O Gandharva já inova pela formação primordial, pois consiste de violão; baixo; bateria, e percussão, portanto a ausência de uma guitarra já se mostra como algo não usual, numa primeira leitura.
Ouvindo canção após canção, verifica-se que a sonoridade é leve, mas não se furtam a alguns momentos mais pesados, e mesmo sem o “drive” da guitarra, expressam densidade de uma forma bastante convincente.
Outro ponto importante é que a banda apresenta múltiplas influências boas, portanto dentro desse ecletismo, alcançam um resultado que agrada em cheio ouvintes de orientações sonoras díspares entre si, sem nenhum problema. Ótimos músicos, imprimem uma condução cheia de swing em vários momentos do disco; densidade dramática em outros, como já mencionei, e delicadeza, com muitas sutilezas harmônicas e melódicas através dos bons arranjos que criaram coletiva e individualmente.


Gostei também da interpretação vocal e das letras, com questões de ordem existencialistas na maior parte do tempo, e aí justifica-se o título do álbum, e a concepção da capa, exprimindo a ideia da angústia; cerceamento da liberdade; falta de perspectivas etc. 
Mesmo abordando temas sombrios, não achei que o astral abaixou ao ouvir as canções, e pelo contrário, é uma audição agradável pela qualidade musical que conseguiram criar e executar.

A primeira faixa,“Me Faça”, tem uma levada de Blues-Rock, mas com concepção moderna, densa. Gostei muito da percussão criativa de Wellington Pires, e de fato, um percussionista de ofício e que se proponha a pensar seus arranjos no contexto das canções, tem que ser aplaudido, pois tais intervenções se jogadas a esmo, podem até estragar o resultado final de uma gravação, mas aqui, muito pelo contrário, caem como uma luva. A voz de Nikolas Rupa, que também é o violonista da banda, mostra-se agressiva, arranhada, com forte emissão e dá o recado com contundência. Tem uma guitarra dando apoio, mas que na verdade se trata de um violão, que passou por plug-ins de simulação de amplificadores e foi executado pelo músico convidado, Filipe Rocha.
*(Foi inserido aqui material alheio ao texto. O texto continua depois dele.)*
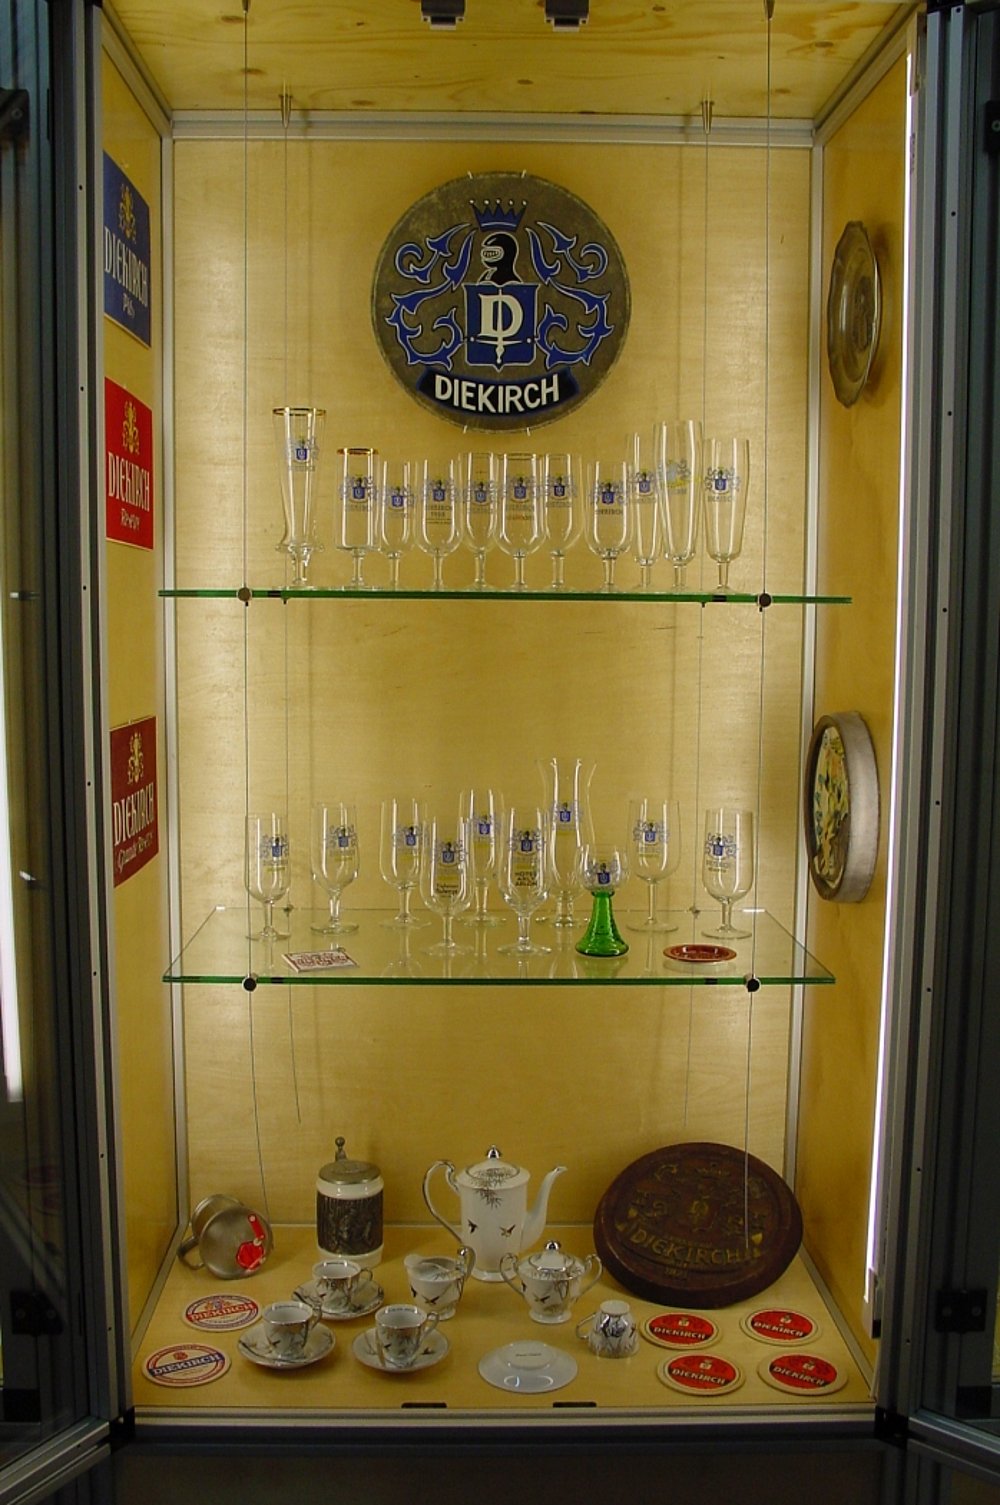 Beermuseum of the Diekirch brewery

Gostei das suas intervenções delicadas com solos de timbres limpos, e um bom uso de slide. A bateria de Anderson Xavier é enxuta, gostei muito da precisão e da clareza dos timbres agudos dos tambores e caixa. Marc Matherson faz um baixo encorpado, muito seguro, realçando bem a condução das canções. Segura tudo na retaguarda, garantindo uma direção firme para a banda.

Já na segunda faixa, “Vida Longa”, uma bela incursão por algo próximo da MPB, com influências boas e nítidas. Numa excelente condução do violão, os demais vão junto e passeiam pelas dinâmicas interessantes que a canção oferece. Mais um vez uma guitarra limpa, e que lembrou-me o timbre de Mark Knopfler, trouxe colorido à canção. A voz do percussionista Wellington apoia em duo em alguns momentos, tornando a melodia ainda mais incisiva. Gostei da letra, bem poética :

“Vasto vento sopra o corpo todo em movimento”...
“Cada despedida, cada tentativa, um dedo na ferida”...
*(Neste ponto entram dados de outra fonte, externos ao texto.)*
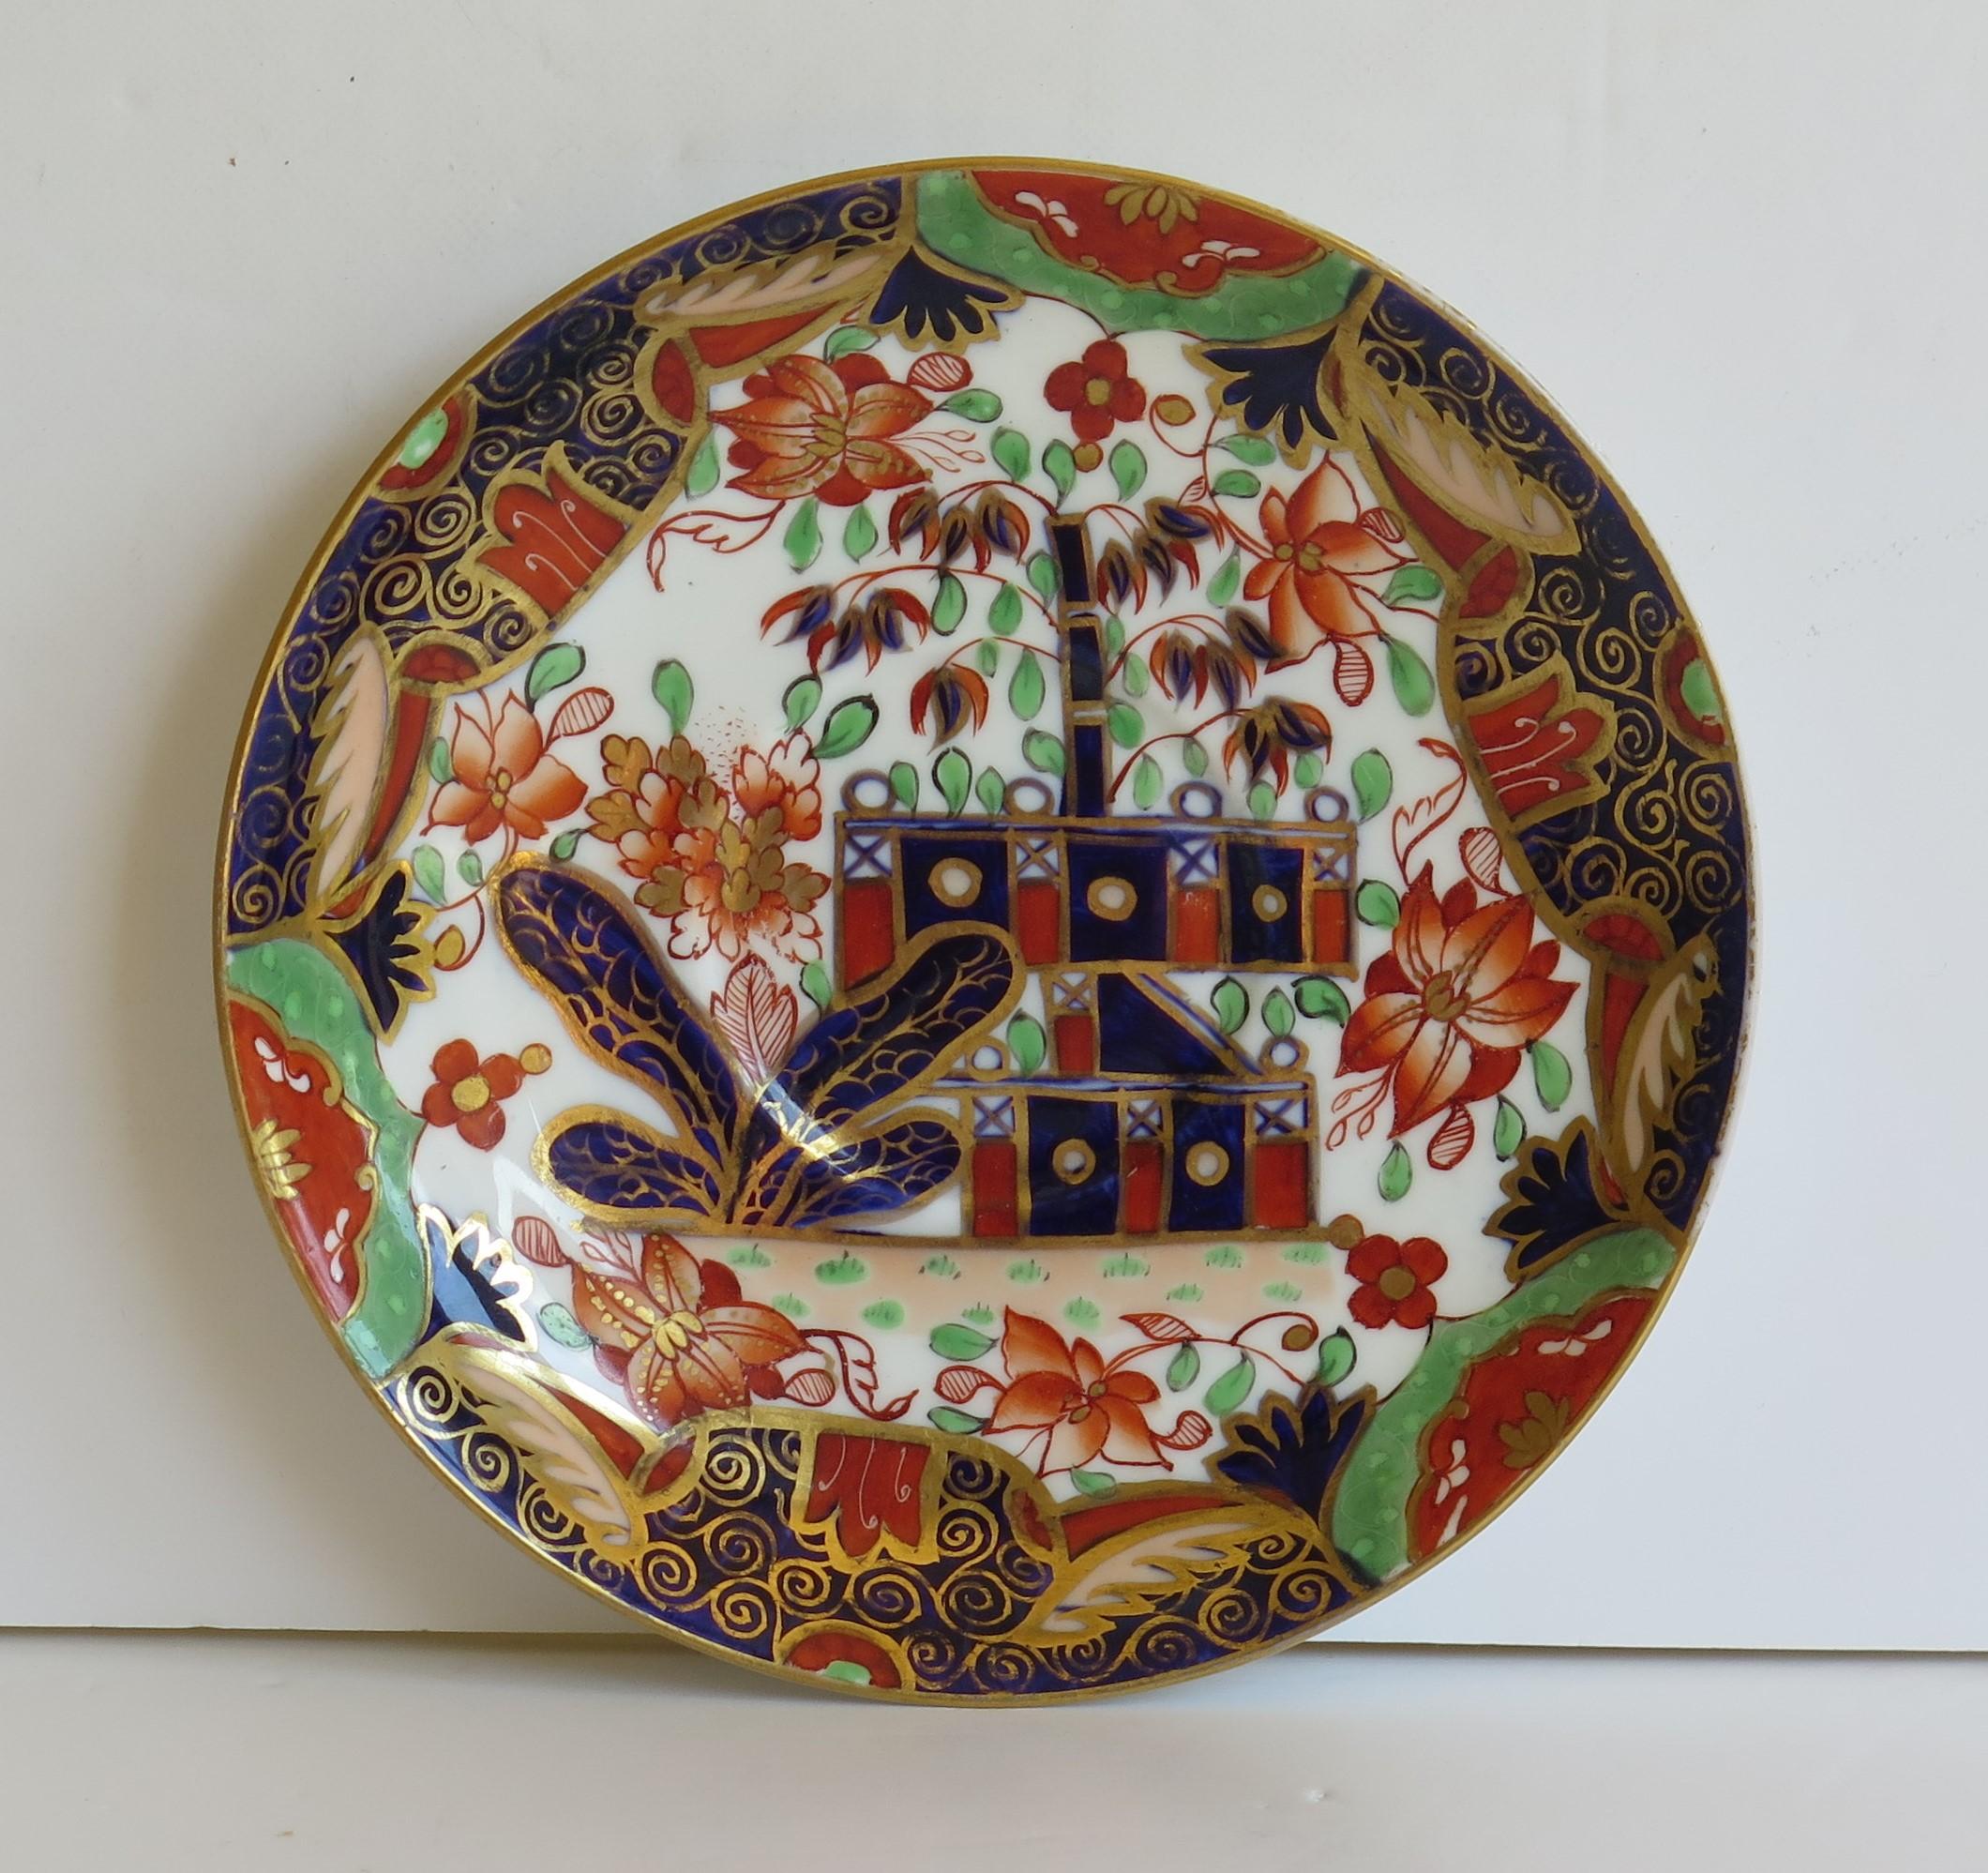 English Porcelain Saucer Dish by Copeland 'Spode' in Imari Fence Ptn No. 794, circa 1850

Na terceira faixa, “Carcere”, que dá título ao EP, eis o peso que mencionei no início da resenha. Denso, trata-se de um riff que lembra muito o som grunge dos anos noventa, notadamente de uma banda como o “Alice in Chains”. Gostei bastante da melodia e a mudança brusca da parte “A” para o refrão, saindo da densidade soturna, para algo bastante doce, melódico. Tem um teclado sutil, lá no fundo da mixagem, colocado como uma sombra quase imperceptível, mas que dá um incrível colorido à canção. O baixo de Matherson desenha bonito, numa linha bastante criativa, e a percussão alterna momentos de explosão incríveis na condução das congas, com calmaria em outros instantes, portanto, eu curti muito esse arranjo. Apesar do título, a letra não descamba para coisas angustiantes, embora marque presença, com personalidade.   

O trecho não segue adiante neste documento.